The identification of Dinofelis cf. barlowi from the DMQ also argues for a late Pliocene-early Pleistocene deposition. This apparently endemic South African machairodont has been definitively recovered from a temporally narrow range of deposits spanning approximately 2.7–1.98 Ma (Werdelin & Lewis, 2001; Lacruz, Turner & Berger, 2006; Herries, Curnoe & Adams, 2009; Werdelin & Peigné, 2010; Herries & Shaw, 2011; Pickering et al., 2011b; Kuhn et al., 2012). What cannot be determined at this point is the biological relationship of this specimen to the previously described Dinofelis aff. piveteaui specimens, as no maxillary canine was recovered or described in association with those craniodental remains. As discussed by O’Regan & Menter (2009), the basis for classifying the DMQ Dinofelis remains as D. aff. piveteaui is based largely on P4 morphology. The protocone of the DN 1012 P4 is reduced; not as reduced as D. piveteaui specimens from Kromdraai A or Motsetse but yielding a buccolingually-narrower tooth than is present in D. barlowi. Simultaneously, the P4 metastyle blade is only slightly mesiodistally elongated relative to D. barlowi and lacks the elongation exhibited by South African D. piveteaui P4 specimens. As with much of the anatomy of fossil taxa established from small sample sizes, it is difficult at present to establish whether these P4 features reflect sexual dimorphism, individual, or chronological variation within either D. barlowi or D. piveteaui. And while further craniodental specimens could ultimately link the DN 2791 canine with these other DMQ Dinofelis remains, there is no morphological affinity to D. piveteaui maxillary canines to support treating the specimen as derived from the same population.

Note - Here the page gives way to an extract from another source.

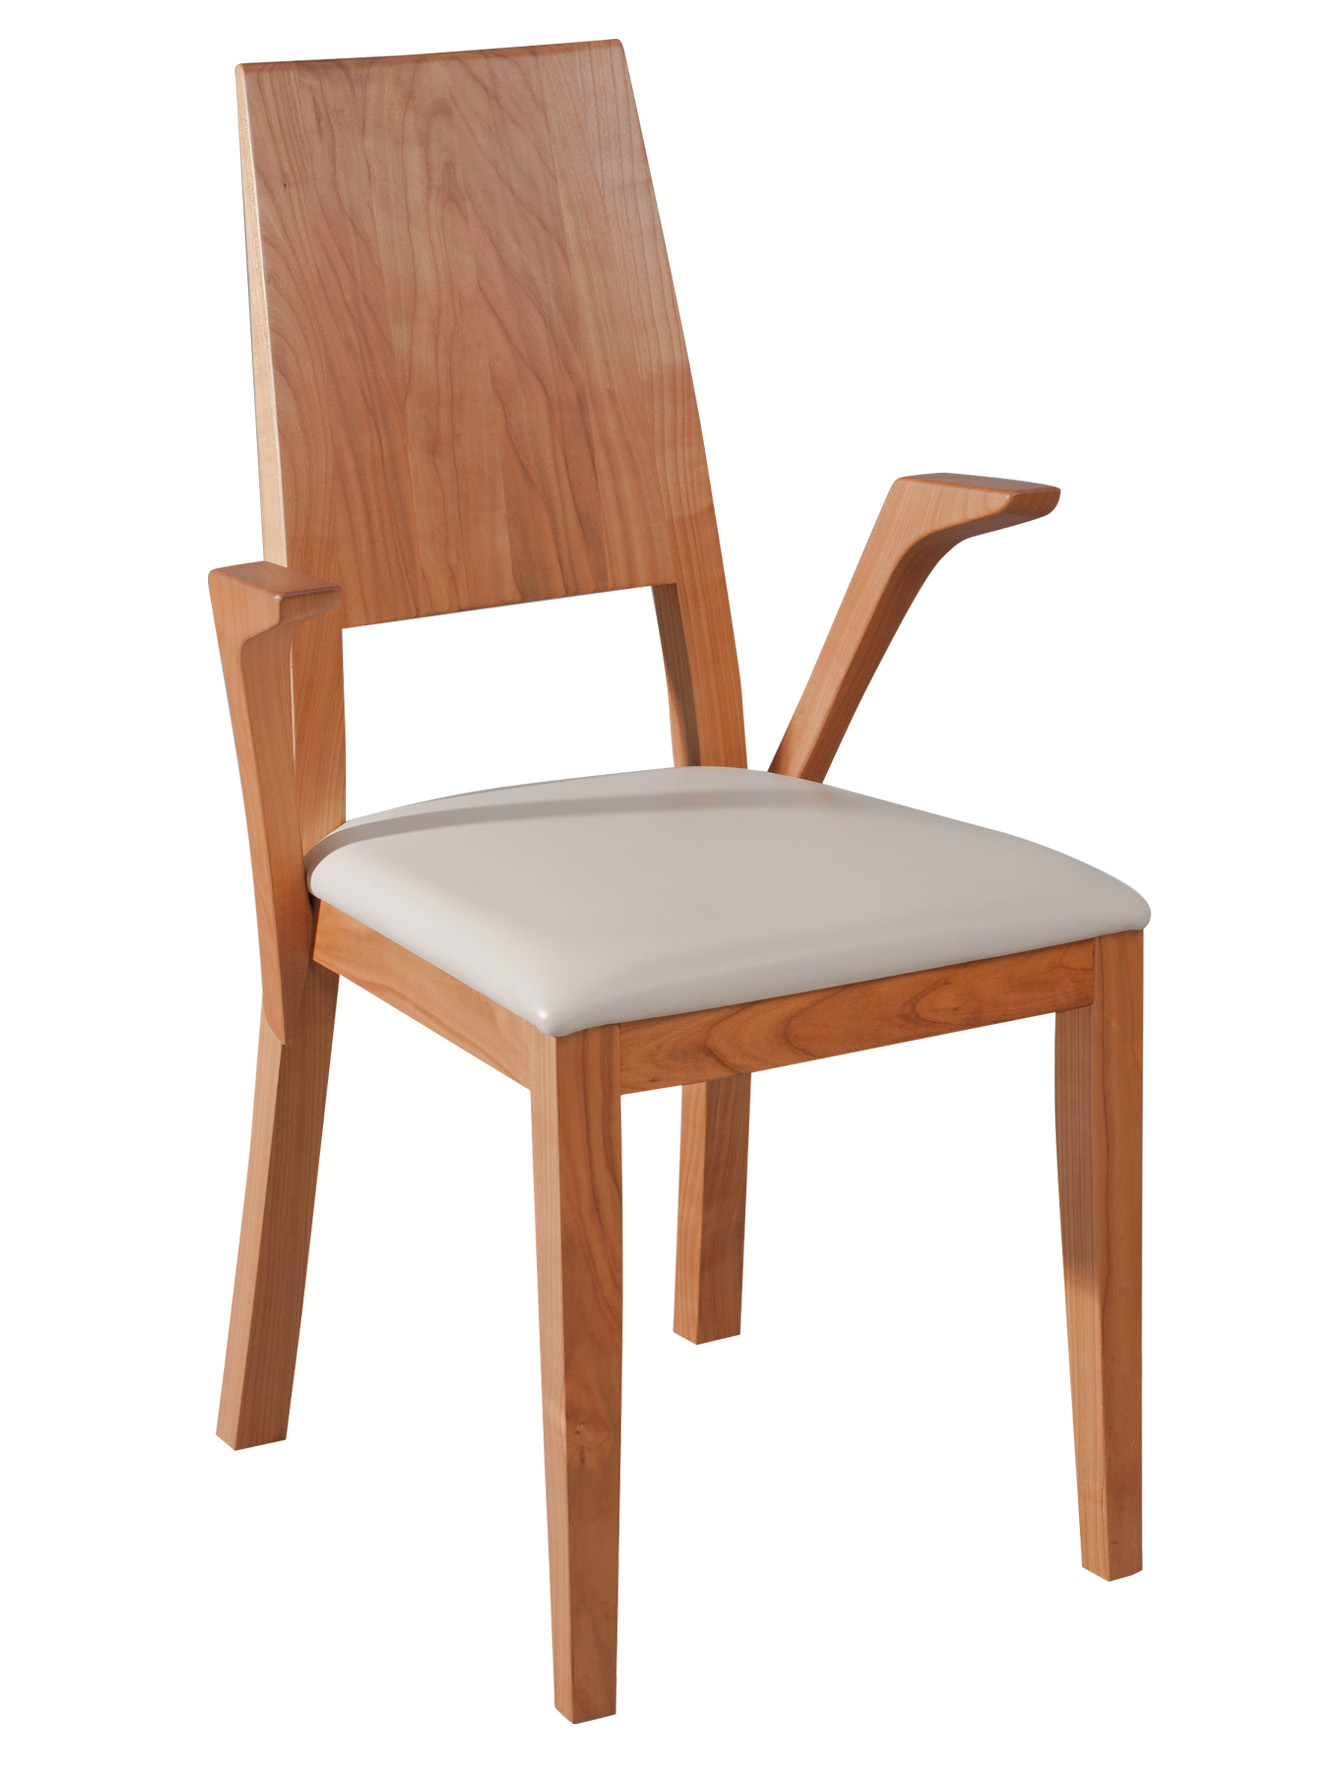 CLASSIC Stuhl mit offenen Armlehnen

Ultimately, if these previously described remains cannot be accommodated with either species sensu stricto we posit four potential interpretations of the DMQ Dinofelis material assigned to D. aff. piveteaui by O’Regan & Menter (2009) that will require further analysis to test whether: (1) they represent a derived D. barlowi; (2) they represent a primitive D. piveteaui sensu stricto; (3) they are derived from a discrete population undergoing anagenesis from a more primitive Dinofelis (e.g., D. barlowi (O’Regan & Menter, 2009) or Dinofelis aronoki (Werdelin & Lewis, 2001)) to D. piveteaui in the early Pleistocene; or (4) they represent a separate, previously unrecovered species of Dinofelis in the African record (which we view as less likely). If the DMQ Dinofelis aff. piveteaui remains represent a novel species, they would ultimately contribute little to interpreting deposit biochronology. As D. barlowi does not occur in South African deposits after 1.98 Ma, if the DMQ Dinofelis aff. piveteaui remains are a derived D. barlowi they would likely indicate deposition after 1.98 Ma—but would similarly lack an established FAD or LAD. Finally, given the recovery of the D. piveteaui type specimen from the (tentatively dated) 1.89–1.63 Ma Kromdraai A deposits (Herries, Curnoe & Adams, 2009; Gilbert, Frost & Delson, 2016) and in east Africa by 1.61 Ma (Werdelin & Lewis, 2005; McDougall et al., 2011), then the DMQ Dinofelis aff. piveteaui specimens would suggest a depositional date prior to ∼1.6 Ma and/or the Kromdraai A assemblage.

In sum, the DMQ faunal assemblage includes species only occupying the South African landscape after 2.33 Ma (Equus cf. burchelli ssp.), and includes the remains of carnivore species whose currently reconstructed LADs within the early Pleistocene indicate that at least some of the deposits formed prior to (or near) 2.02 Ma (Lycyaenops silberbergi) to 1.98 Ma (Dinofelis cf. barlowi). At present, the biochronological significance of the Drimolen Main Quarry D. aff. piveteaui is complicated by an unreliable FAD and LAD, but may suggest some deposition after 1.98 to potentially 1.89-1.6 Ma.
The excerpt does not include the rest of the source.